1,25(OH)2D3- 1,25 di-hydroxyvitamin D; BC- Breast Cancer; CRC- Colorectal Cancer; SEM- Standard Error of Means; SFN- Sulforaphane; TSA- Trichostatin A; VDR- Vitamin-D receptor

1. Introduction

Dickkopf Wnt Signaling Pathway Inhibitor-1 gene (DKK-1) encodes a member of the Dickkopf family of proteins[1] and has been reported to be involved primarily in the embryonic development and bone formation in adults. Much of the DKK-1 literature, therefore, reflect research on primary [2] and secondary hyperparathyroidism [3], rheumatoid and psoriatic arthritis [4-7], non-alcoholic fatty liver disease [8], osteoporosis [9], ankylosing spondylitis [10], systemic sclerosis[11] and alopecia [12]. The role of DKK-1 in cancer revolves primarily around components of Wnt-signaling pathway. DKK-1 binds to the low-density lipoprotein-6 or LRP6 co-receptor and inhibits β-catenin-dependent (canonical) Wnt signaling, serving as a potent Wnt antagonist. Although linked quite frequently to Wnt-signaling in cancer pathology, very little is known about DKK-1 as a gene and its possible linkages to other systems functions in humans. Aberrant activation of Wnt-β catenin pathway in most human cancers has been well-documented assuming its role in cell proliferation and invasion [13]. Overexpression of DKK-1 has been associated with uncontrolled Wnt signaling in hepatoblastomas [14] and human endothelial colony-forming cells [15] demonstrating its role in tumoral angiogenesis.

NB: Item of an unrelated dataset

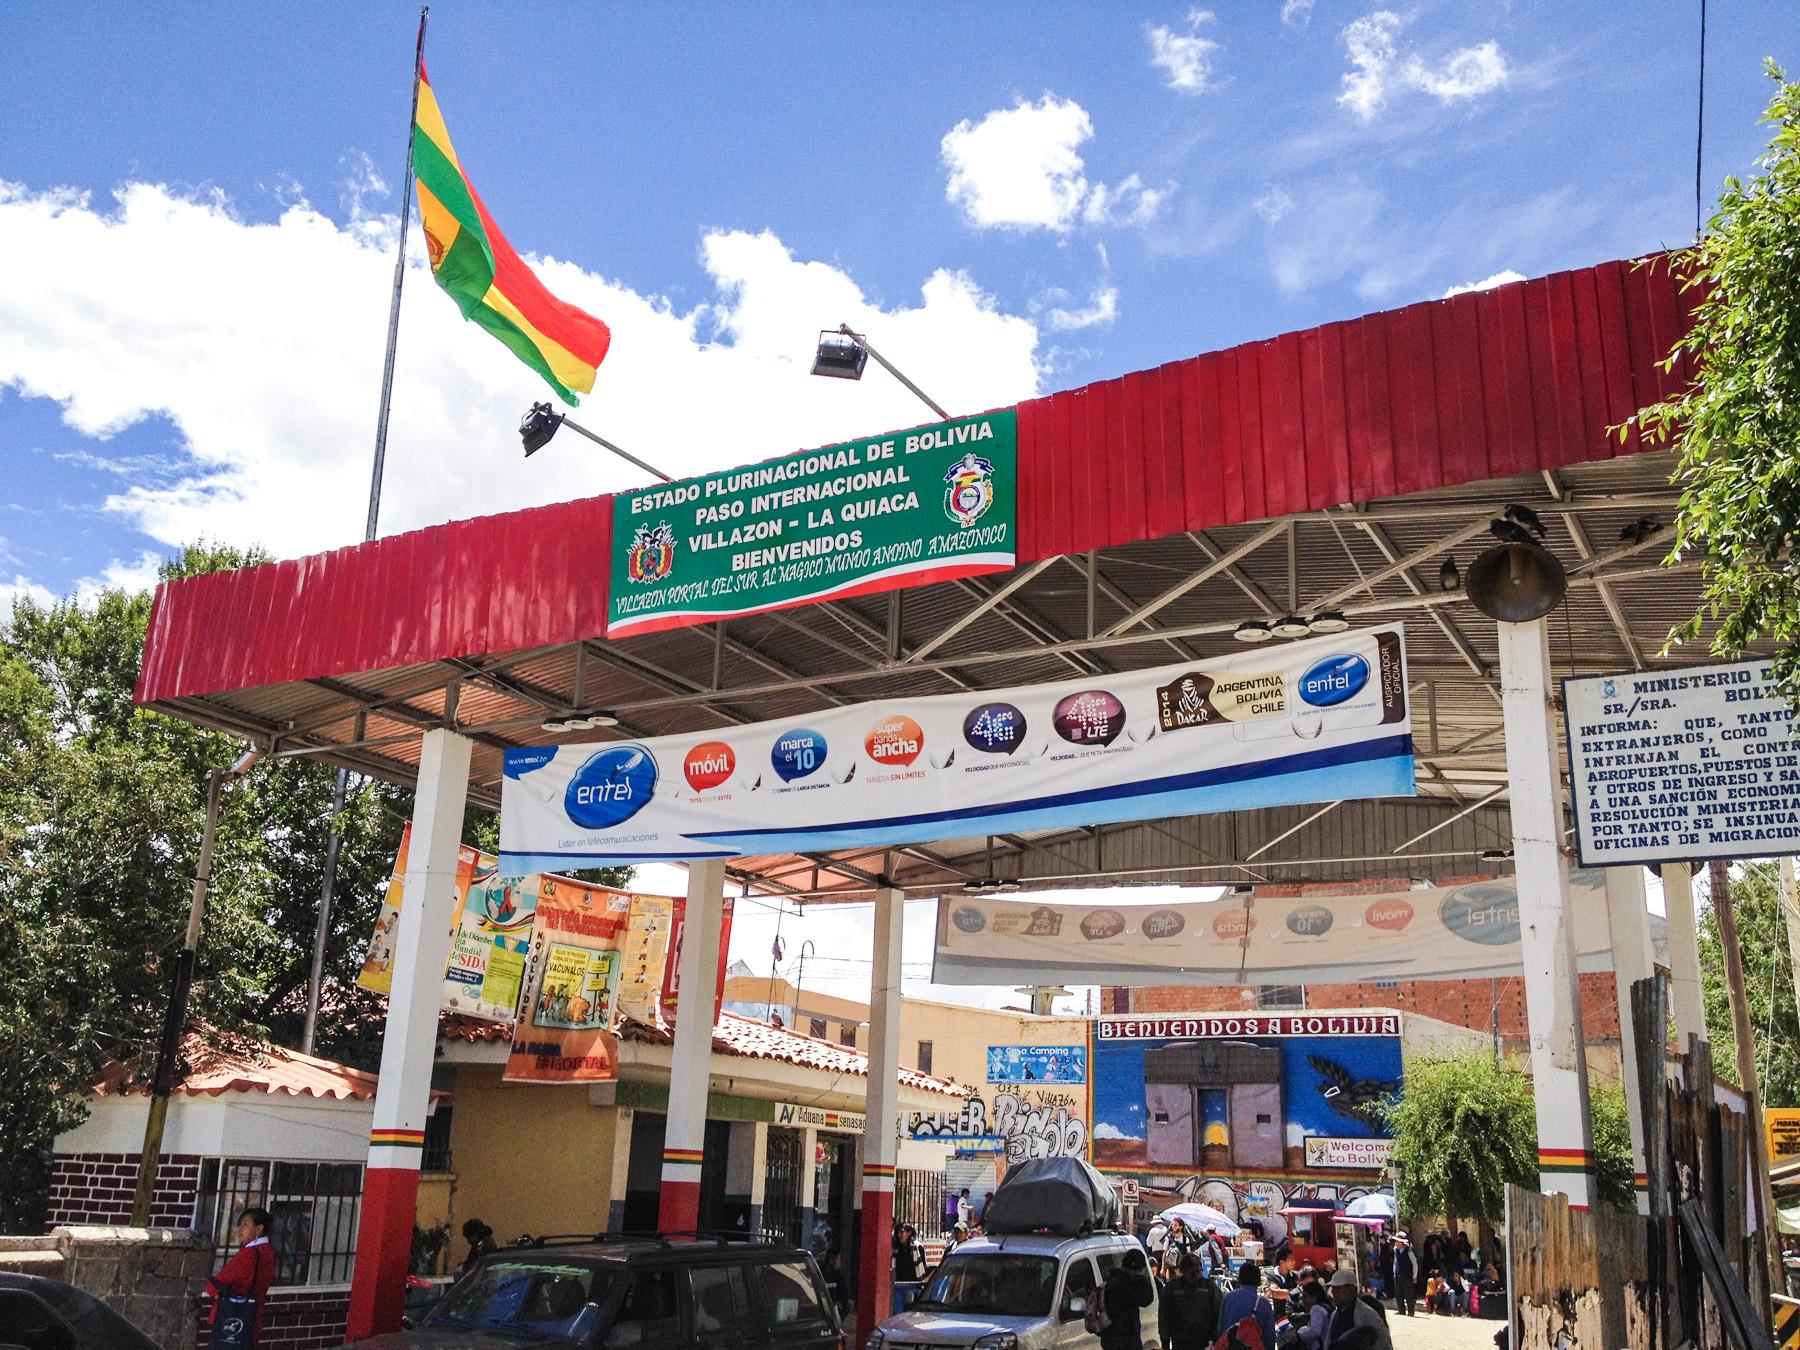 Border crossing with flag and building between Argentina and Bolivia at La Quiaca - Villazon

The family of Wnt glycoproteins regulates development and homeostasis under normal conditions. However, the signaling pathways are severely disrupted in cancer. The evidence pool on DKK-1 in breast cancer (BC) is rather small, and non-existent with vitamin D as a treatment. In an animal study of metastatic BC to the bones, the researchers found DKK-1 to be expressed 6 times more in cells with osteolytic lesions in animals[16]. Studies on human subjects with and without BC and bone metastasis reported significantly high levels of DKK-1 in the serum samples of patients with breast cancer (P=0.016) compared to controls [16, 17] and poor BC prognosis [18]. Uncontrolled DKK-1 expression and/or downregulation have been reported in different BC cell lines[19, 20] suggesting potential targets in reversing the effect in BC [21, 22]. One study investigating the inhibitory effect of human mesenchymal stem cells (Z3 cells) on the growth of human MCF-7 breast cancer cells demonstrated that β-catenin was down-regulated followed by the over expression of DKK-1 in Z3 cells compared to MCF-7. The inhibitory effect of Z3 cells on MCF-7 cells were attenuated after neutralizing DKK-1. Therefore, DKK-1 secreted by Z3 cells involves the inhibition via the Wnt pathway. [23] In MCF-7 cells, the downregulation of DKK-1 has been linked with higher cell proliferation by losing control of Wnt/β-catenin signaling pathway, giving a new mechanistic insight.[20].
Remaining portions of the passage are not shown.